If earnings progress doesn’t meet expectations, US shares may stoop. And with the Fed unlikely to slash charges aggressively, Wall Road would possibly wrestle to seek out its subsequent catalyst.
The US stays irresistible, pushed by relentless innovation, wholesome earnings and a resilient financial system. But investing is cyclical, and now I believe occasions may swing in favour of the FTSE 100.
The FTSE 100’s enchantment
The FTSE 100 is an actual underdog, held again by its publicity to old-world industries like vitality, mining and financials. However its underperformance has been overdone. Its trailing yield of three.5% smashes the S&P 500’s 1%. With dividends reinvested, that closes the hole over time.
Final 12 months, my portfolio holding Glencore (LSE: GLEN) was an enormous flop. The mining big’s share value dropped 23% as Chinese language demand for commodities slumped. But commodities are significantly cyclical, and when the Glencore share value flies, it actually flies. Regardless of final 12 months’s disappointment, it’s nonetheless up 50% over 5 years.
Glencore shares look grime low cost proper now, with a trailing P/E of 10.2 occasions. The trailing yield could also be a modest 2.82%, however the board has hinted at paying “top-up shareholder returns” in February. I’m crossing my fingers.
Within the longer run, Glencore ought to profit from the shift to electrical automobiles and renewable vitality, driving demand for copper, nickel, and cobalt. Its reliance on coal poses long-term ESG dangers although.
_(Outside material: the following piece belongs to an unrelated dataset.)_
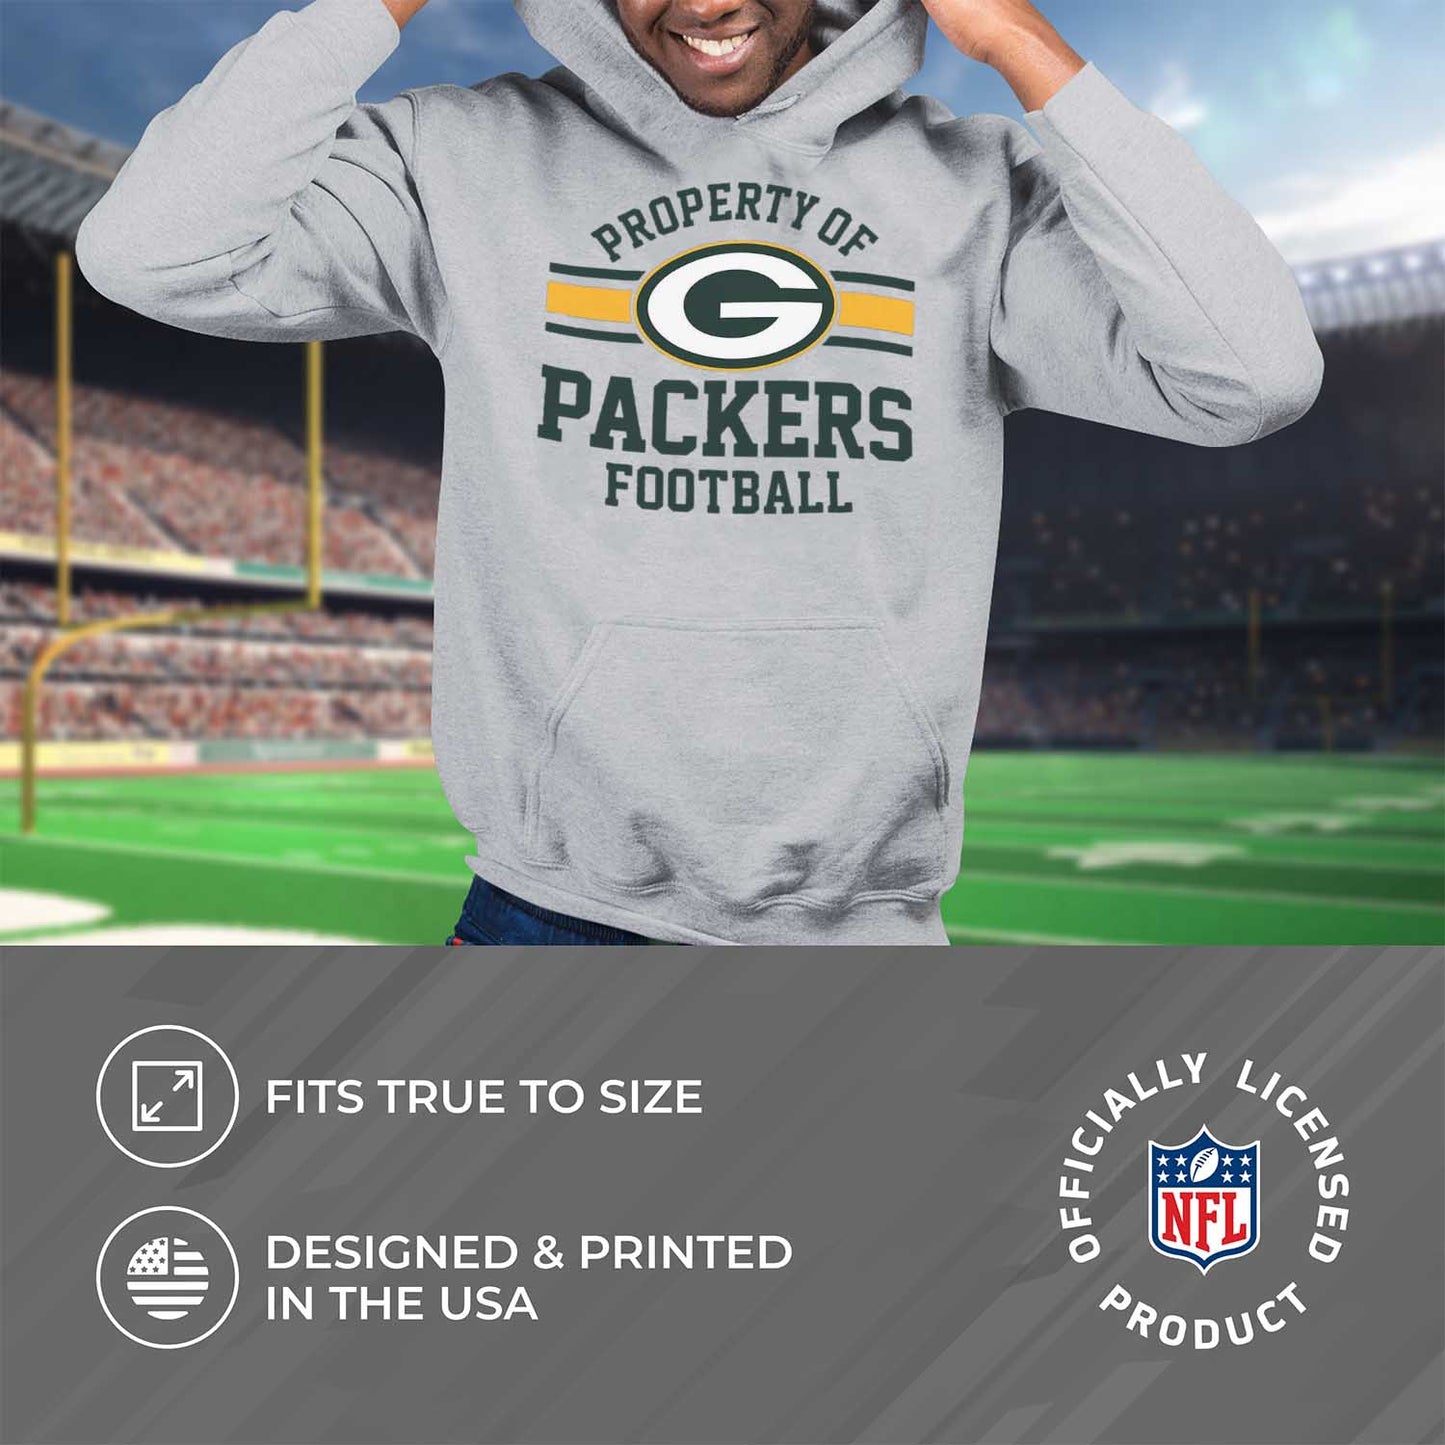 Green Bay Packers NFL Adult Property Of Hooded Sweatshirt - Sport Gray

Regardless of being listed in London, Glencore has comparatively low publicity to the UK’s fortunes. Given in the present day’s home troubles, that could be a plus.
No matter occurs this 12 months, I wouldn’t be with out my S&P 500 tracker. However I’m additionally excited by the FTSE 100. Glencore is only one good alternative for me. There are a lot extra bargains on the market.